Pasipha paucilineata

Scientific classification
- Kingdom: Animalia
- Phylum: Platyhelminthes
- Order: Tricladida
- Family: Geoplanidae
- Genus: Pasipha
- Species: P. paucilineata
- Binomial name: Pasipha paucilineata Amaral & Leal-Zanchet, 2018

= Pasipha paucilineata =

- Authority: Amaral & Leal-Zanchet, 2018

Species of flatworm

Pasipha paucilineata is a species of land planarian belonging to the subfamily Geoplaninae. It is found within Brazil.

==Description==
Pasipha paucilineata has an elongated body with parallel margins; it has a rounded anterior tip and a pointed posterior tip. It can reach up to 78 mm in length. The dorsum is a dark brown or black color, with a greyish stripe running down the middle. The ventral side of the body is a pale gray color.
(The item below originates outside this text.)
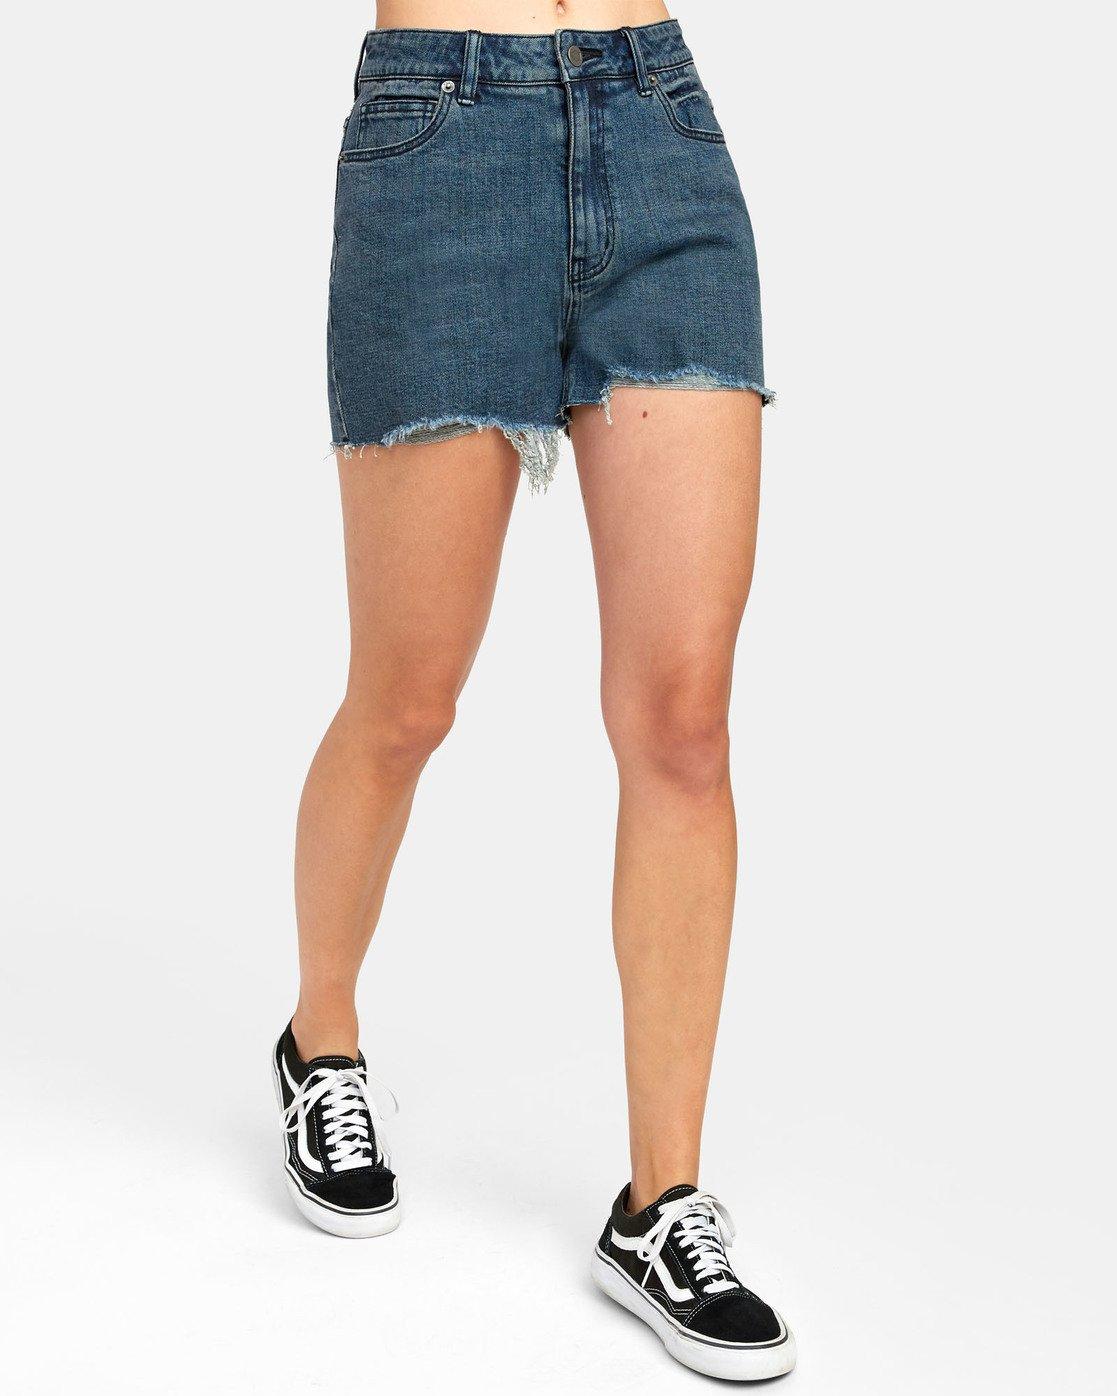 6 Channel - Shorts für Damen  S3WKRCRVP0 RVCA

The forked, tubular shape of the prostatic vesicle's proximal portion and its lateral displacement distinguish it from other members of Pasipha.

==Etymology==
The specific epithet is derived from the Latin words paucus and linea, literally meaning "minimal stripe". This is in reference to the median stripe on the species' dorsum, which is often hard for the naked eye to see.

==Distribution==
P. paucilineata is only known to be found in the municipality of Portão in Rio Grande do Sul, Brazil.